Exercise description
For this exercise, output the entries below exactly from the line that holds "Condition-wise, the sofa" to the line that holds "Modern Modular L-Shaped", both ends included. No pictures belong in the copy.

Record extracts
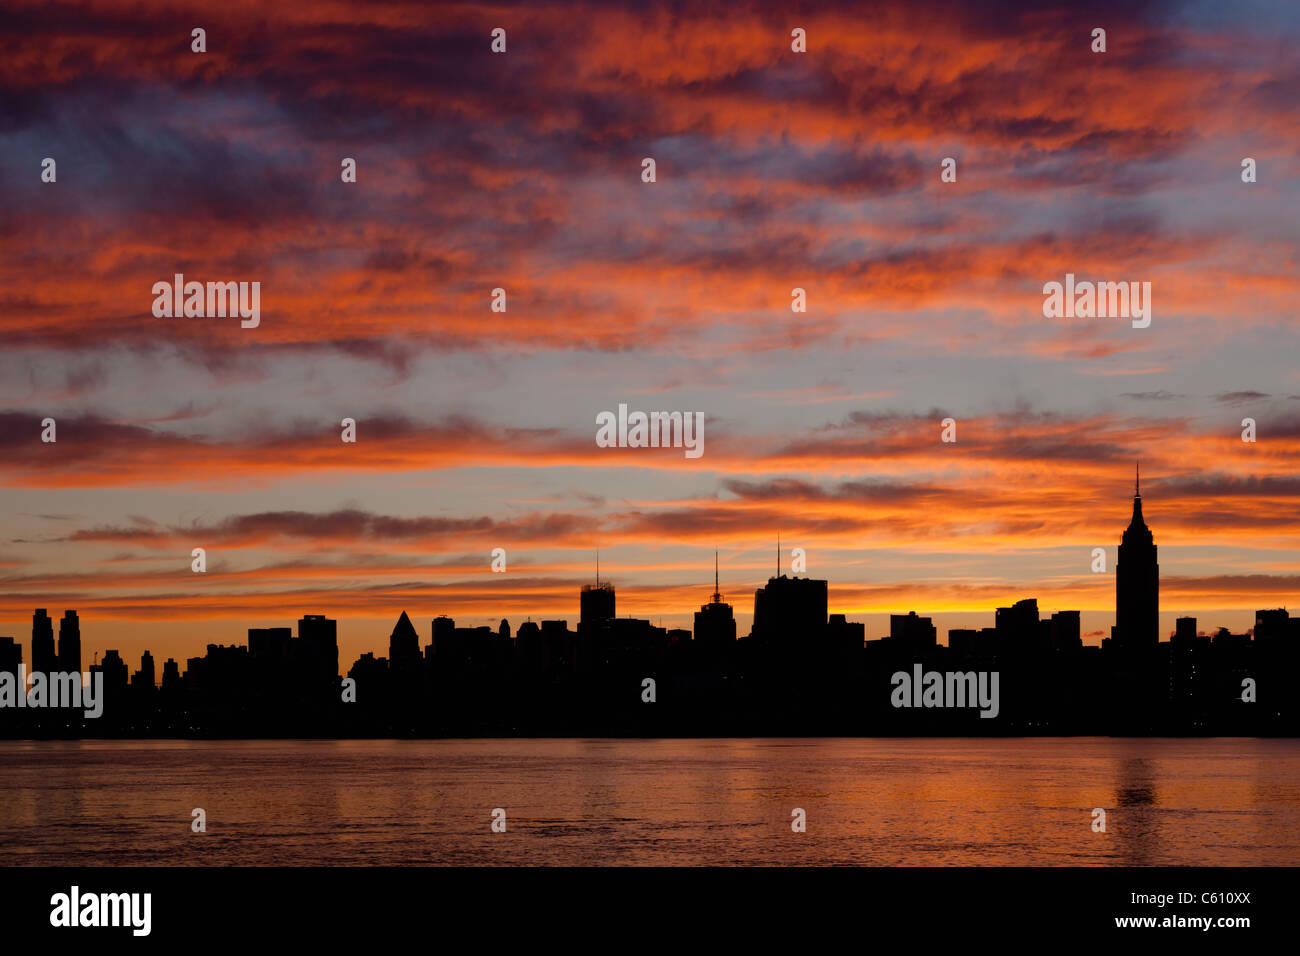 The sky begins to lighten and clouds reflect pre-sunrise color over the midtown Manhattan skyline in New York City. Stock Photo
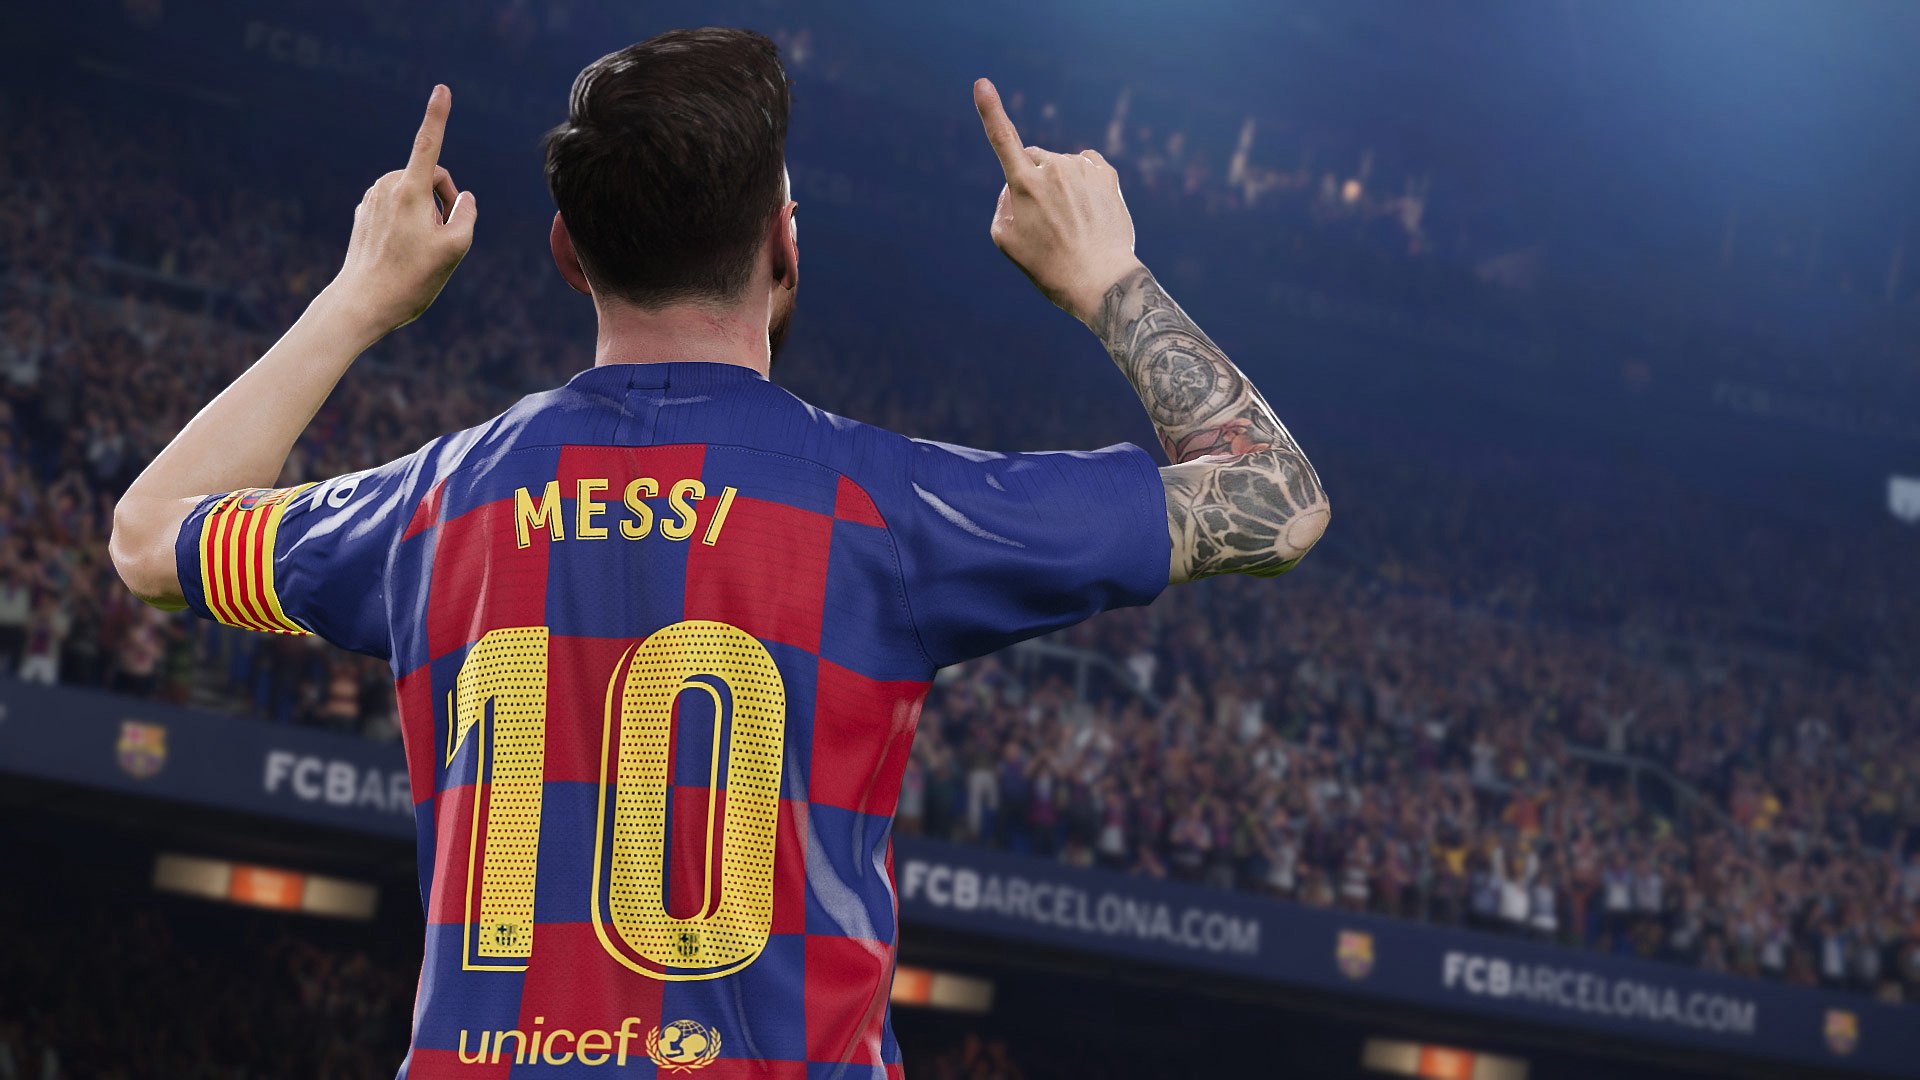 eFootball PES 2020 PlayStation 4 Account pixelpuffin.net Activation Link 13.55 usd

...

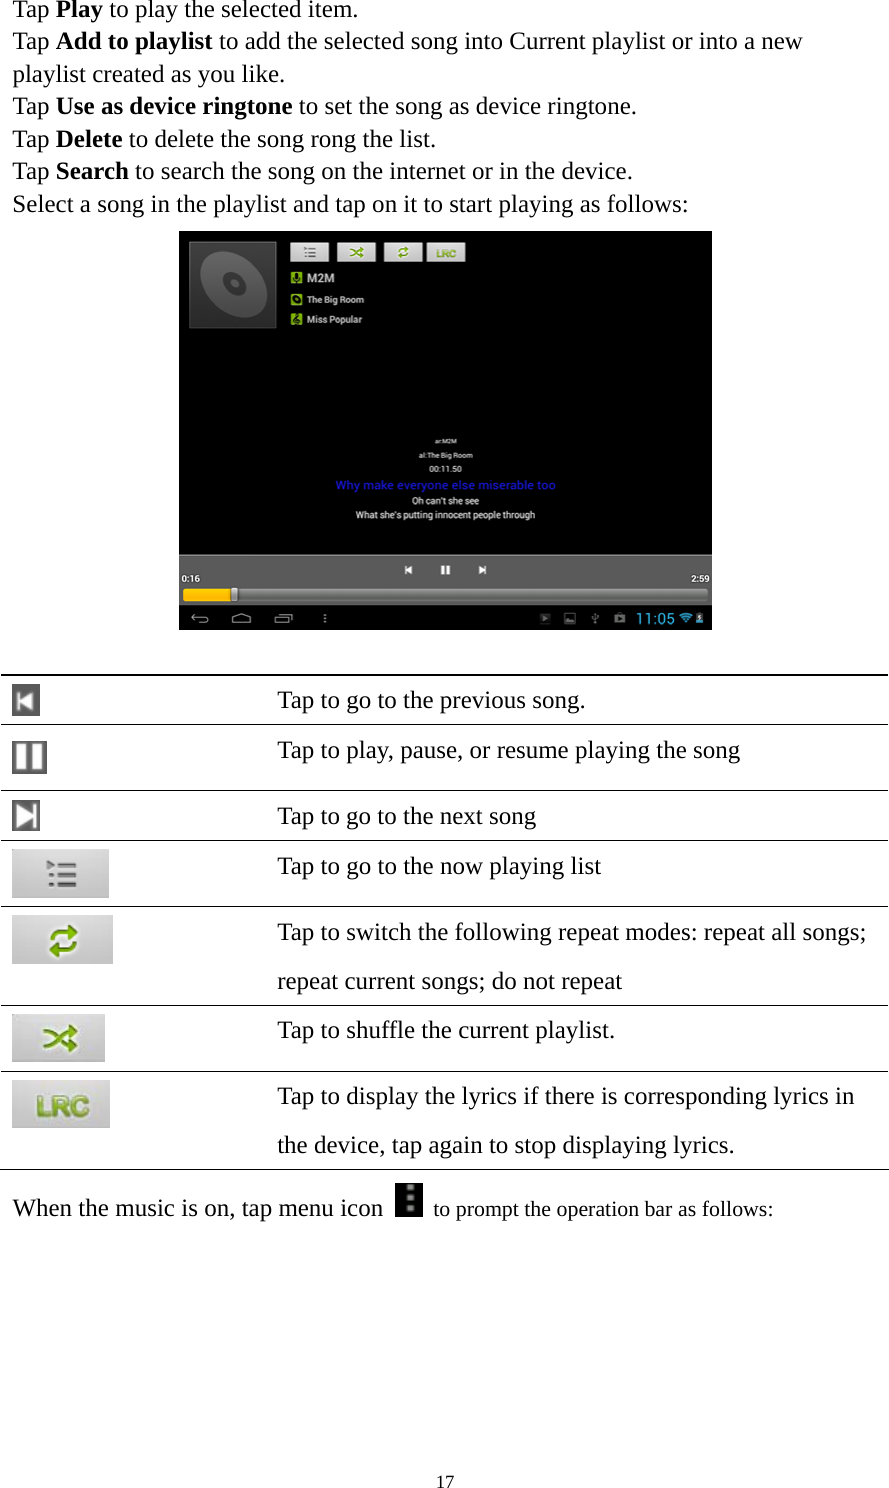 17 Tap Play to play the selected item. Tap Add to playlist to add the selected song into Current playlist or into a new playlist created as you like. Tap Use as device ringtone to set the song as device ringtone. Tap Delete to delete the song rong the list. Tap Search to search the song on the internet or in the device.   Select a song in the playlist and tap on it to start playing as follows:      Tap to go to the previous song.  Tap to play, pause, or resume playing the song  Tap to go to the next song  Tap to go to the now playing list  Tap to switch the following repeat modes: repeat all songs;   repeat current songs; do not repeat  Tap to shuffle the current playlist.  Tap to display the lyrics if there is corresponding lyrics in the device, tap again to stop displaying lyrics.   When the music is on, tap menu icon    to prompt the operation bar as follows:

* * *

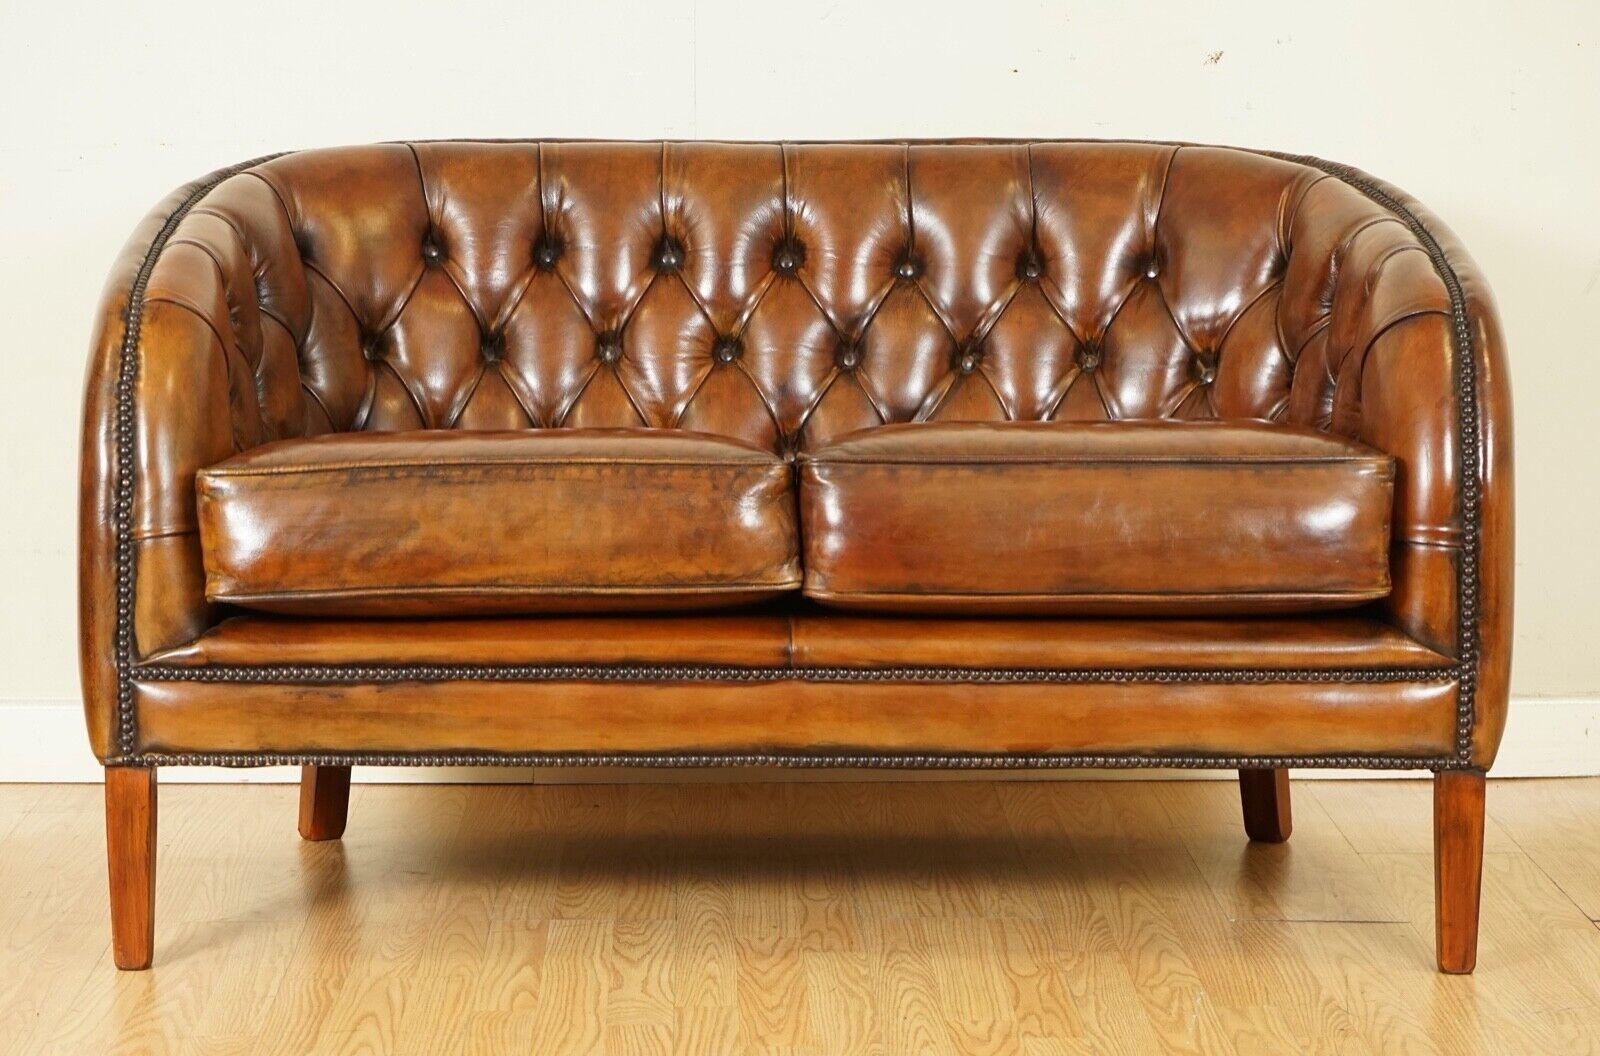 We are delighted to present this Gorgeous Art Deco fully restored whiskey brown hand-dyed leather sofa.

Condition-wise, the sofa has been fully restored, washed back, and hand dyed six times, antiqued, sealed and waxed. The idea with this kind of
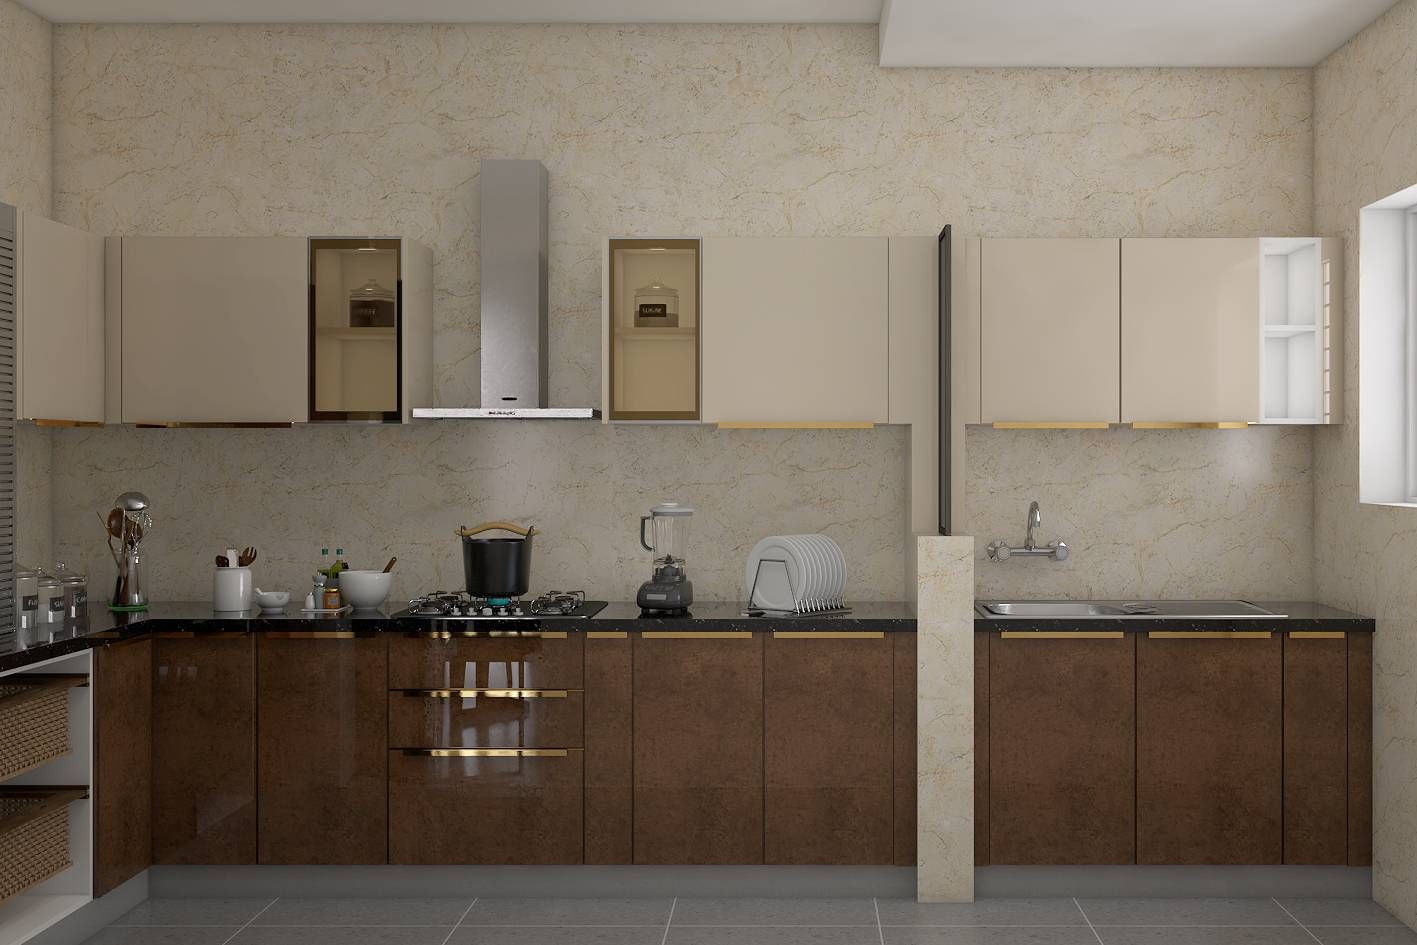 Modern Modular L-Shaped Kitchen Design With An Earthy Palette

Solved exercise
Condition-wise, the sofa has been fully restored, washed back, and hand dyed six times, antiqued, sealed and waxed. The idea with this kind of
 Modern Modular L-Shaped Kitchen Design With An Earthy Palette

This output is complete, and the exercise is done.